Run docker push registry.fly.io/prereview:157fb2a000f60e83322d0926516879d162ce1c62
The push refers to repository [registry.fly.io/prereview]
06628f6b63b4: Preparing
5e32844f06a1: Preparing
7c88f77ab0aa: Preparing
3d4459d3294d: Preparing
1709f4dd23fa: Preparing
92f7edb51836: Preparing
af0fd4ac5053: Preparing
aedc3bda2944: Preparing
af0fd4ac5053: Waiting
aedc3bda2944: Waiting
92f7edb51836: Waiting
1709f4dd23fa: Pushed
06628f6b63b4: Pushed
7c88f77ab0aa: Pushed
3d4459d3294d: Pushed
aedc3bda2944: Layer already exists
af0fd4ac5053: Retrying in 5 seconds
af0fd4ac5053: Retrying in 4 seconds
92f7edb51836: Retrying in 5 seconds
5e32844f06a1: Retrying in 5 seconds
af0fd4ac5053: Retrying in 3 seconds
92f7edb51836: Retrying in 4 seconds
5e32844f06a1: Retrying in 4 seconds
af0fd4ac5053: Retrying in 2 seconds
92f7edb51836: Retrying in 3 seconds
5e32844f06a1: Retrying in 3 seconds
af0fd4ac5053: Retrying in 1 second
92f7edb51836: Retrying in 2 seconds
5e32844f06a1: Retrying in 2 seconds
92f7edb51836: Retrying in 1 second
5e32844f06a1: Retrying in 1 second
92f7edb51836: Pushed
5e32844f06a1: Pushed
af0fd4ac5053: Retrying in 10 seconds
af0fd4ac5053: Retrying in 9 seconds
af0fd4ac5053: Retrying in 8 seconds
af0fd4ac5053: Retrying in 7 seconds
af0fd4ac5053: Retrying in 6 seconds
af0fd4ac5053: Retrying in 5 seconds
af0fd4ac5053: Retrying in 4 seconds
af0fd4ac5053: Retrying in 3 seconds
af0fd4ac5053: Retrying in 2 seconds
af0fd4ac5053: Retrying in 1 second
af0fd4ac5053: Pushed
Head "https://registry.fly.io/v2/prereview/blobs/sha256:21d047f6aca6dba52dc1de79e1ae557dc20e418806dfb3a2d0fb8c7db5852472": net/http: TLS handshake timeout
Error: Process completed with exit code 1.

Hey @thewilkybarkid

Could you please run the following command and post the output here, please?

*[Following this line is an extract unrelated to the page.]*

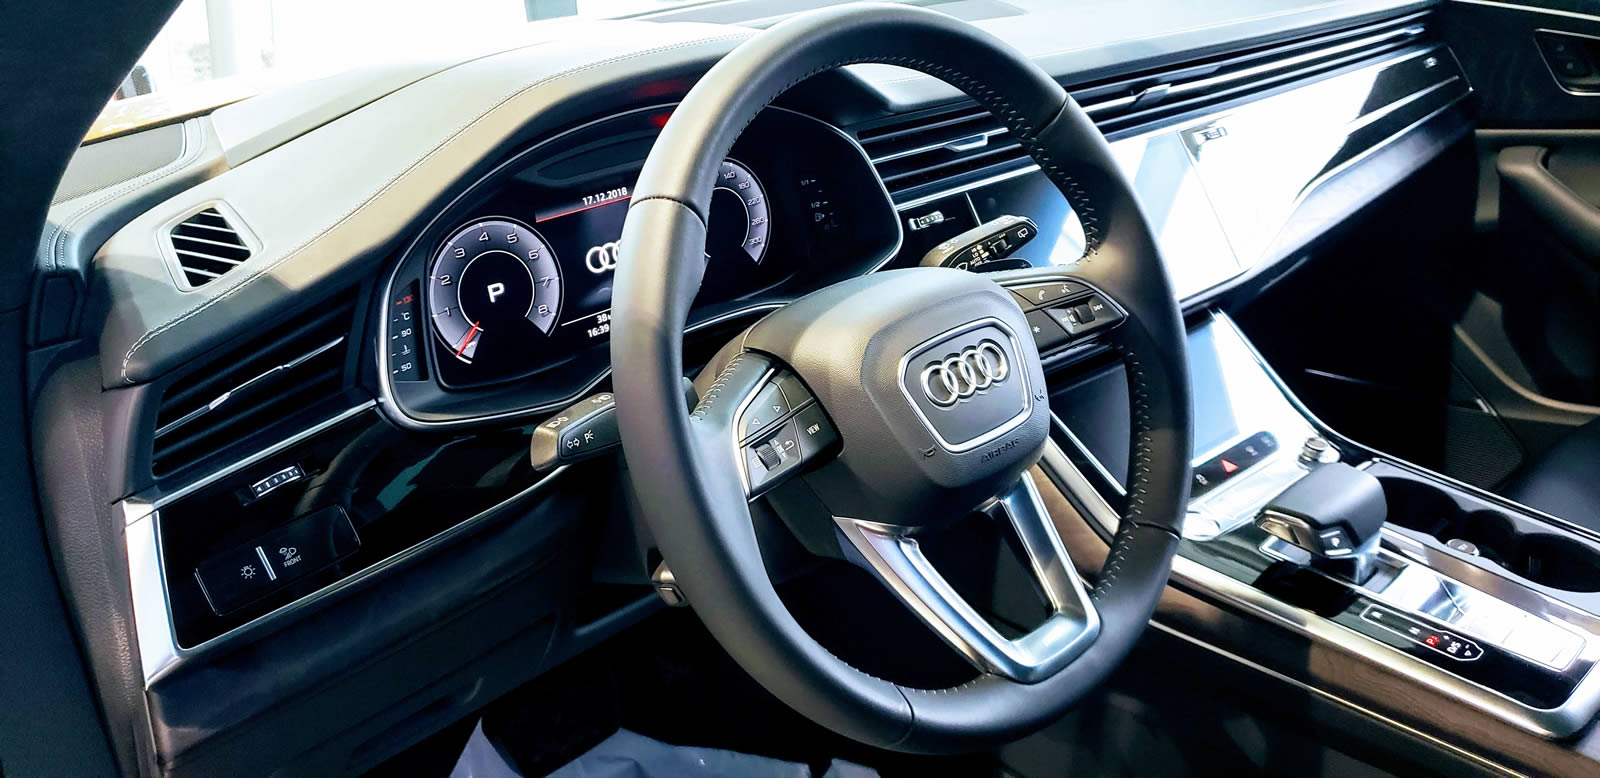 Test Driving the All-new Audi Q8 in Montreal: Dashboard

curl -I -H 'flyio-debug: doit' -w '%header{flyio-debug}' -s -o /dev/null https://registry.fly.io

Thanks @pavel, build underway.

Edit: Now running, but is hanging without any output. (The command works locally.)

Edit: Finished, but failed:

Run curl -I -H 'flyio-debug: doit' -w '%header{flyio-debug}' -s -o /dev/null https://registry.fly.io
  
%header{flyio-debug}
Error: Process completed with exit code 28.

This is happening to us right now as well, from a GitHub action. Unable to push the image to the registry.

1 Like

Hmm, interesting. Can you please do another attempt like this?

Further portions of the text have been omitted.